The managing director of International Monetary Fund (IMF), Kristalina Georgievastated this Thursday that the global growth by 2024 will be slightly stronger than expected due to robust activity in USA and several emerging economies.
This will be stated in a speech he will deliver this morning at the Atlantic Council think tank – which was advanced by the institution – as a preamble to the spring meetings that the Fund and the World Bank will hold next week in Washington.
It will be next Tuesday when the IMF publishes its global economic outlook update (its WEO report) and today Georgieva advanced that growth will be “marginally stronger” for the reasons mentioned and also for “solid household consumption and business investment” and for alleviating supply chain issues.
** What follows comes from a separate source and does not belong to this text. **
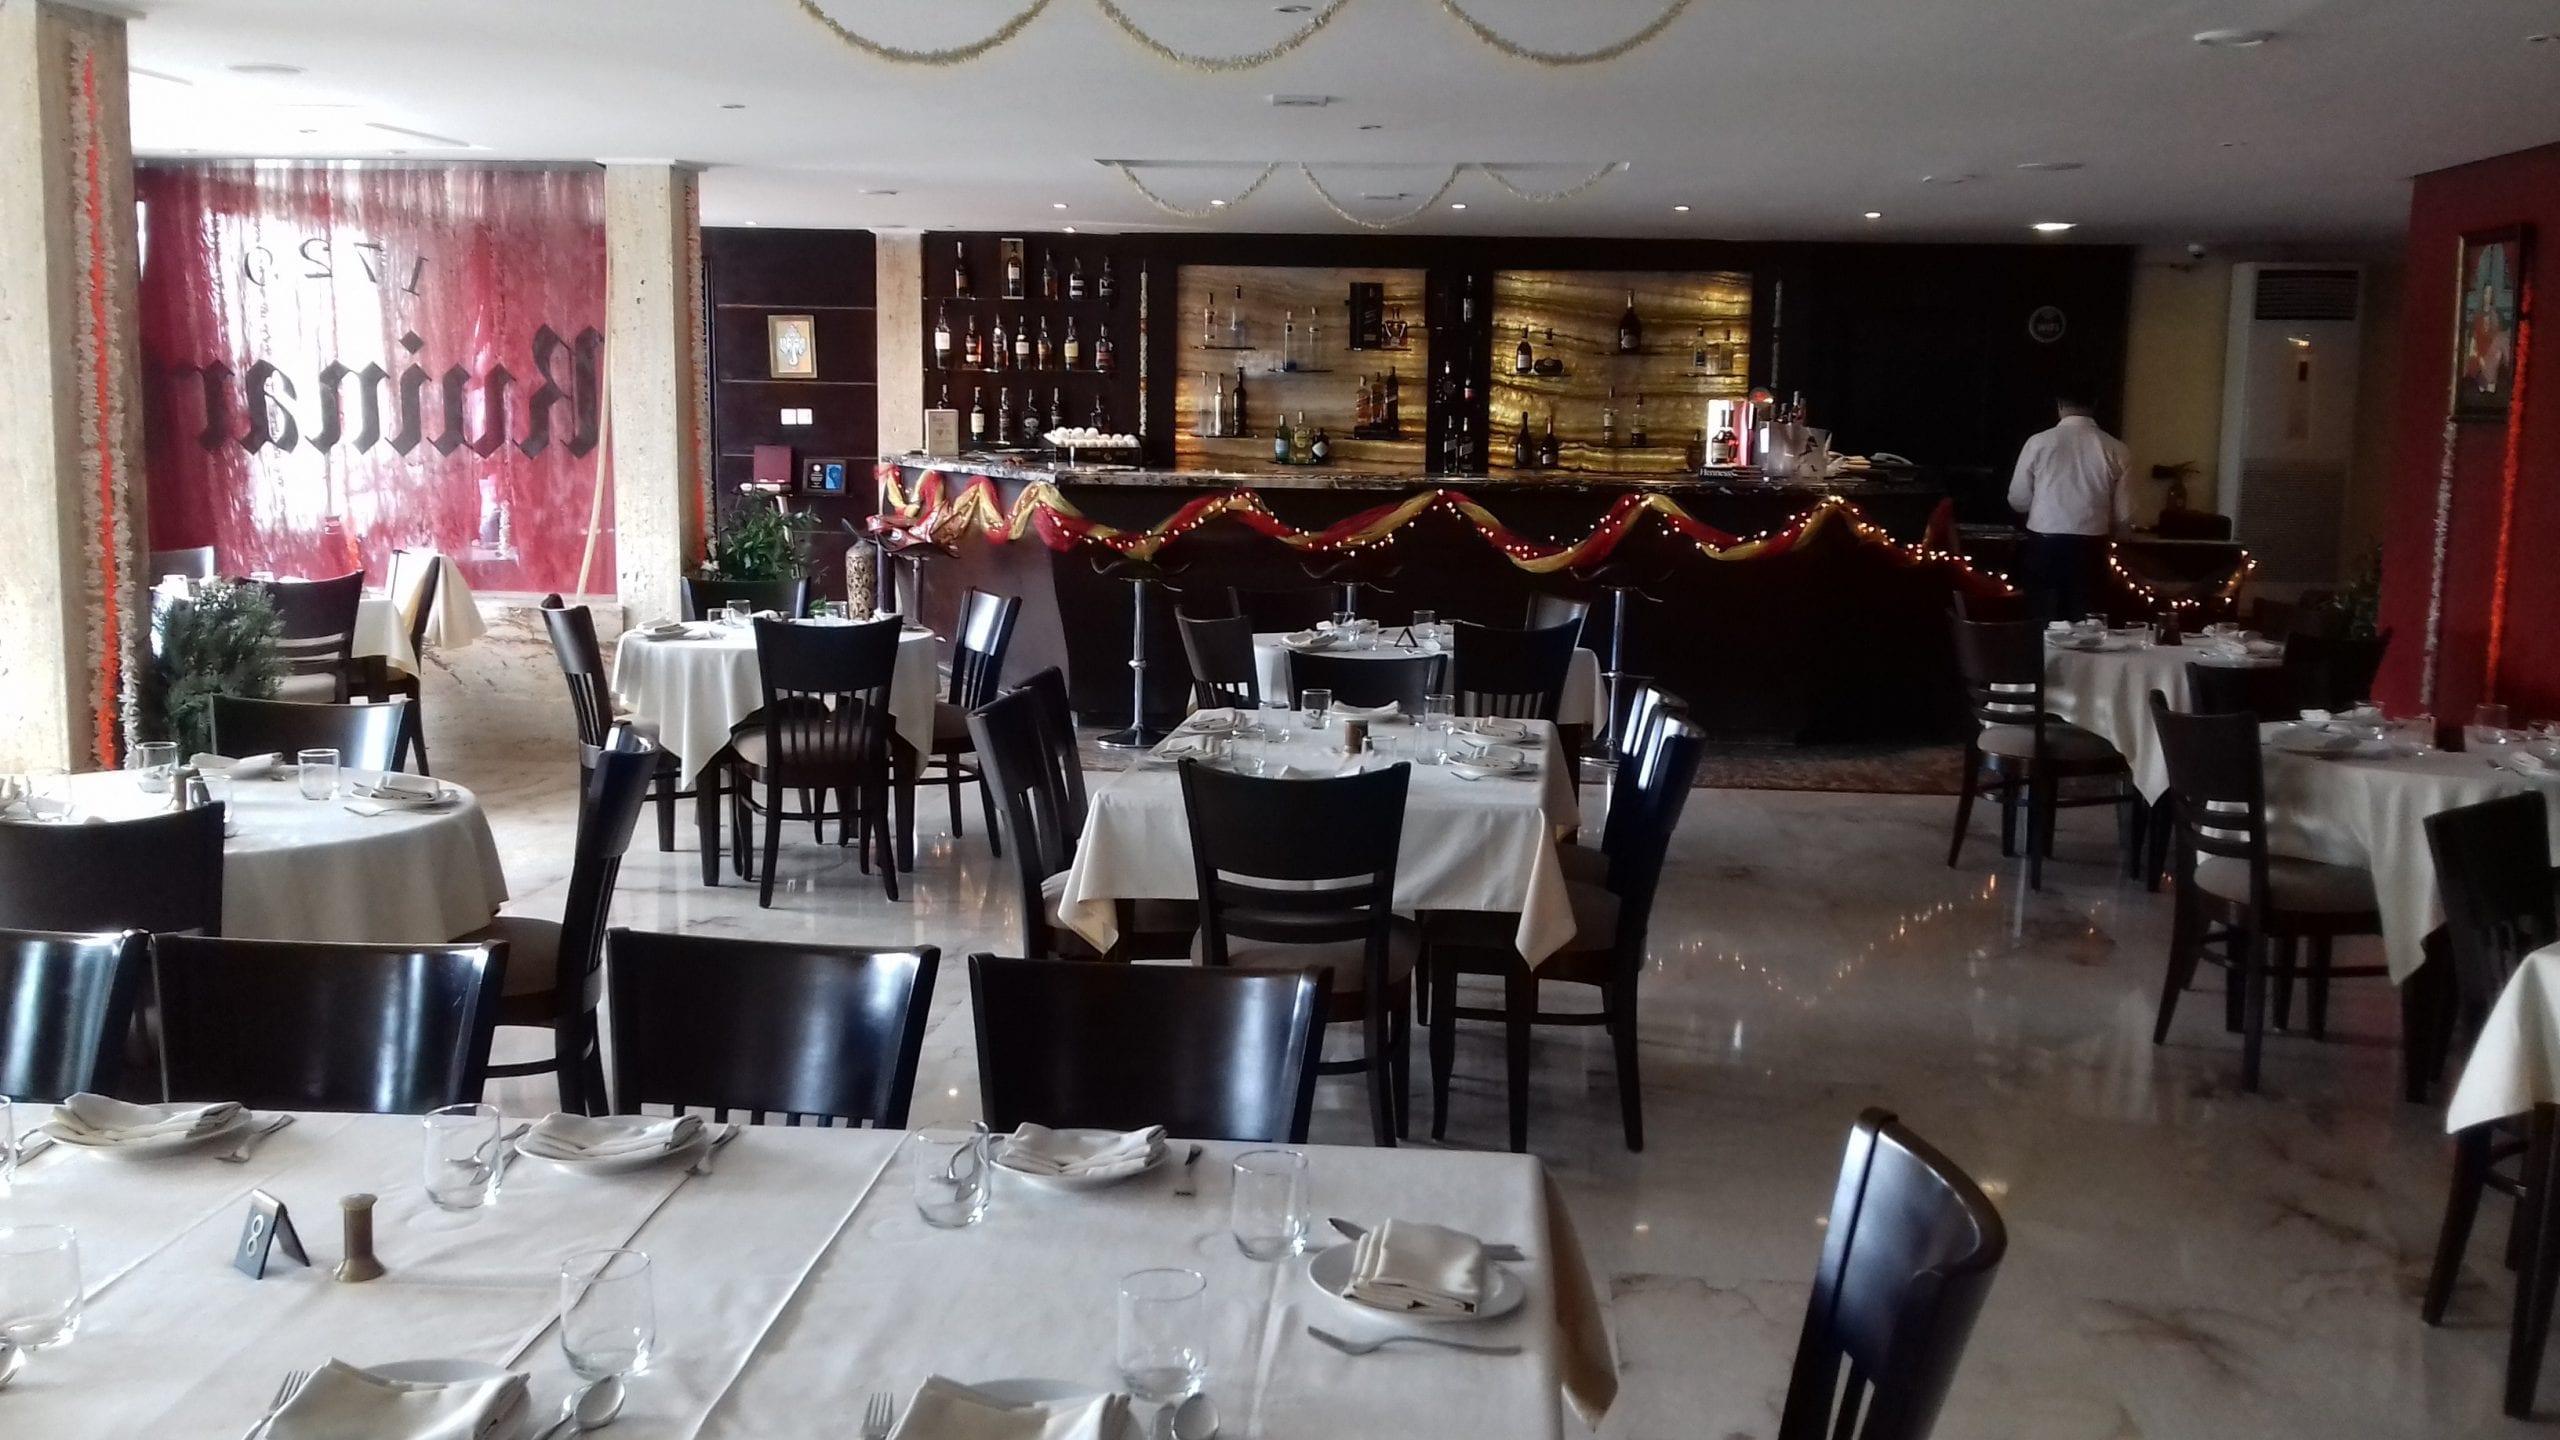 Bombay Masala 10 Top Restaurants in Douala

Furthermore, it indicates that inflation “It is going down a little faster than expected” and “the resilience of the global economy” this “being favored by strong labor markets and an expanding workforce“, a situation that is mainly due to immigration, “which has been especially useful in countries with aging populations,” declared the managing director.
“Based on this scenario, it is tempting to breathe a sigh of relief. We have avoided a recession global crisis and a period of stagflation, as some had predicted.said the Bulgarian, who in the coming weeks will be re-elected to her position because she is the only candidate for the position.
Although Georgieva was much less pessimistic in this speech than on previous occasions, she did recognize that there is still “lots of things to worry about.”
Among them, the poor medium-term global growth prospects, which continue to be below their historical average, around 3%.
Without “a course correction”he noted, the world is heading towards “the lukewarm twenties, a slow and disappointing decade.”
Another concern is that currently “the global environment has become more challenging” and geopolitical tensions have increased “the risks of fragmentation of the World economy”.
The last effort of central banks
In Georgieva’s opinion, one of the most immediate global challenges is to recover price stability, a task that is being carried out by central bankers, who are studying “when to cut interest rates and to what extent.”
These “they must carefully calibrate their decisions based on incoming data” and, in this final stretch, “It is doubly important that they maintain their independence.”
“Authorities should resist calls for early interest rate cuts,” He stated, because ““A premature easing could generate new inflationary surprises that could even require a new episode of monetary adjustment.”
Debt, the great challenge
Another of the great challenges at a global level, which the IMF will address in its meetings next week, is debt, since the levels in most countries are “too high.”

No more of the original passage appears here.